AsyncAPI brings several unique advantages to asynchronous service contracts:

  • Native support for multiple messaging protocols (MQTT, AMQP, Kafka, WebSocket)
  • Clear distinction between publish and subscribe operations
  • Built-in schema validation for message payloads
  • Support for message headers and correlation patterns
  • Runtime documentation through AsyncAPI Studio
  • Code generation capabilities for multiple languages
  • Message Flow and Correlation: AsyncAPI provides basic support for message correlation through the Correlation ID Object (as defined in the specification), which allows for message tracing and correlation using runtime expressions. However, the specification focuses primarily on describing individual message structures and channels rather than complex message flows. While correlation IDs provide a way to link related messages, the specification itself does not provide explicit constructs for documenting complex event chains or choreography patterns. This is actually a fair limitation of the AsyncAPI. There has been discussion on this front in Github Issue

  • Protocol-Specific Features: The AsyncAPI specification aims to be protocol-agnostic, but this creates challenges in representing protocol-specific features. As documented in the AsyncAPI bindings section, while the specification provides binding objects for different protocols, these don't fully capture all protocol-specific behaviours. Again from a contracts stand point that does not seem to be a very problematic issue.

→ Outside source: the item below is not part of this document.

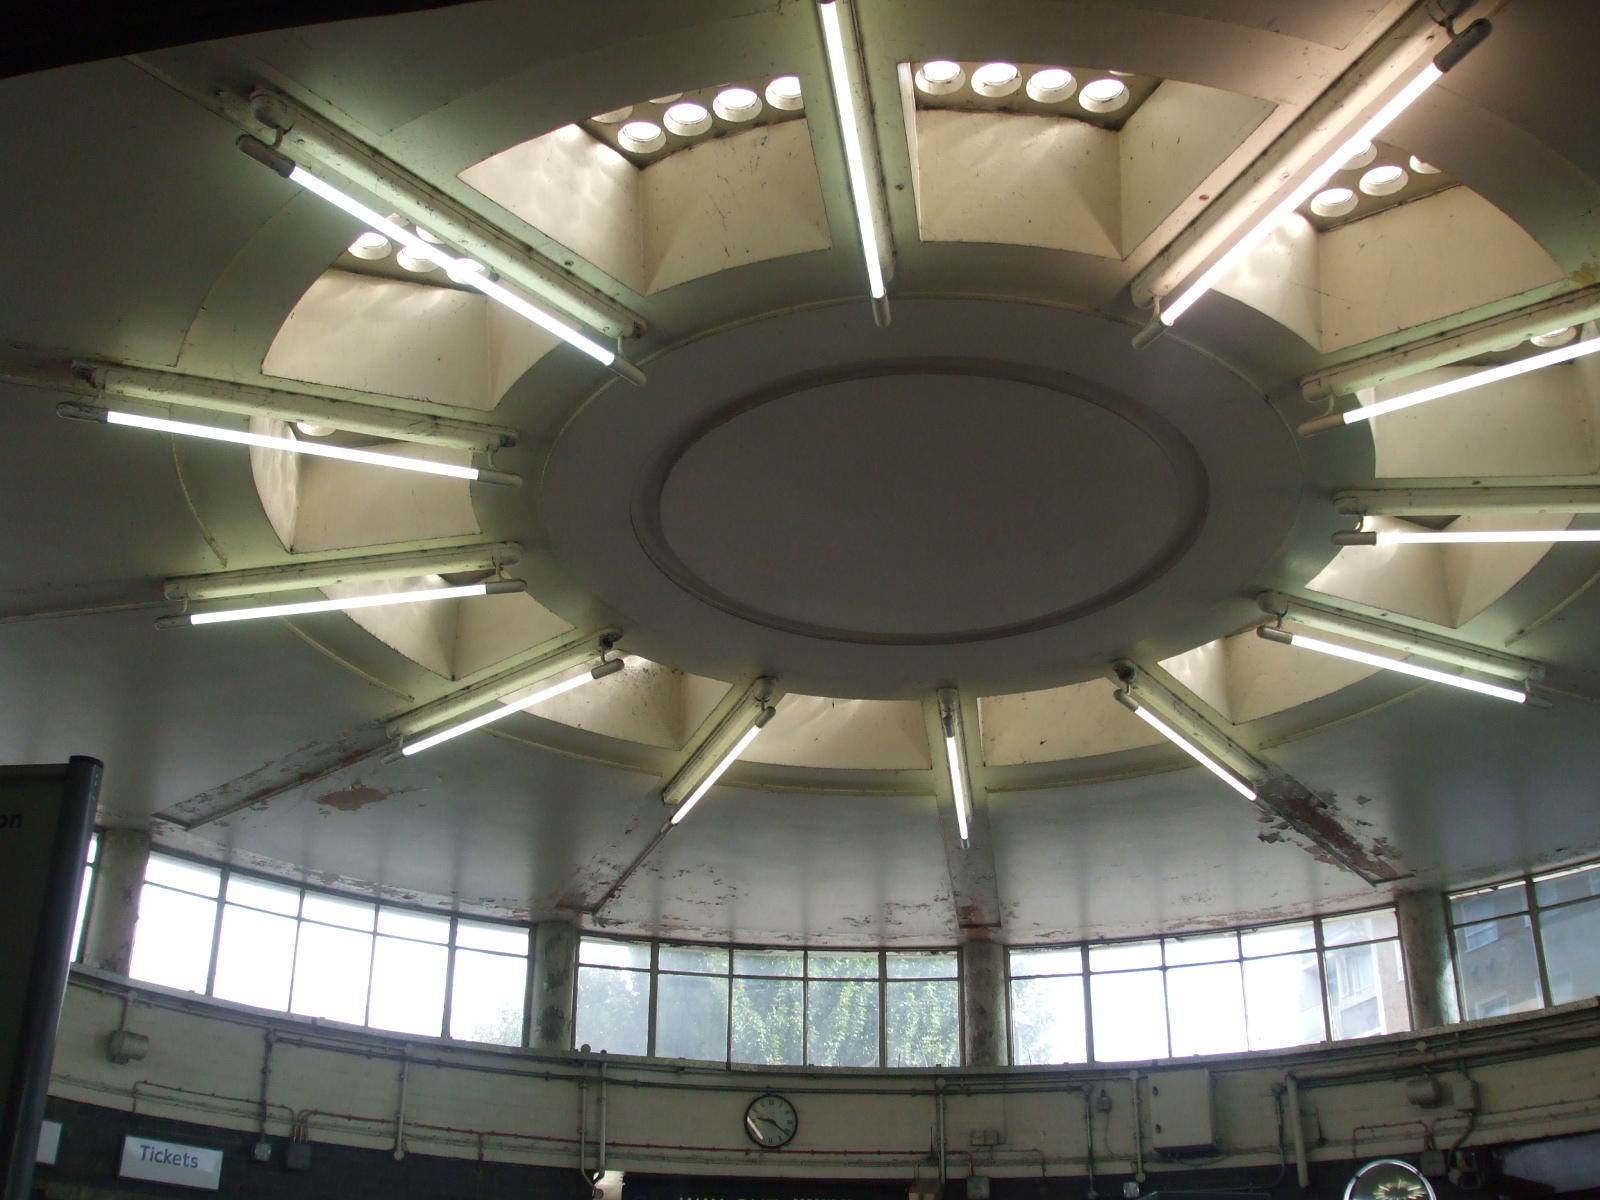 File:Redbridge station ticket hall ceiling.JPG - Wikimedia ...

  • Tooling Ecosystem: The AsyncAPI tooling ecosystem, while growing, is still maturing. The official AsyncAPI Generator and AsyncAPI Studio provide basic functionality, but as noted in the AsyncAPI community discussions, there are gaps in areas like:

    • Code generation quality for certain languages
    • Runtime validation tools
    • Integration testing frameworks
    • IDE support
  • Contract Implementation Model: The AsyncAPI specification's current trajectory seems mirrors OpenAPI's evolution in the REST space, focusing primarily on documentation capabilities. While this approach excels at API documentation and discovery, it can lead to a producer-centric implementation model where contracts become descriptive rather than prescriptive. This challenges the original contract-first design philosophy, potentially impacting the specification's effectiveness as a strict contract enforcement mechanism in event-driven architectures.

Despite these challenges, AsyncAPI represents a crucial evolution in service contract specifications, particularly as systems increasingly adopt event-driven architectures. Its ability to document asynchronous interactions in a standardised way provides valuable insights into system behaviour and helps teams maintain consistency across distributed systems. As the specification and its ecosystem continue to mature, it's likely to become an essential tool in the modern API landscape, complementing existing specifications like OpenAPI and Protocol Buffers.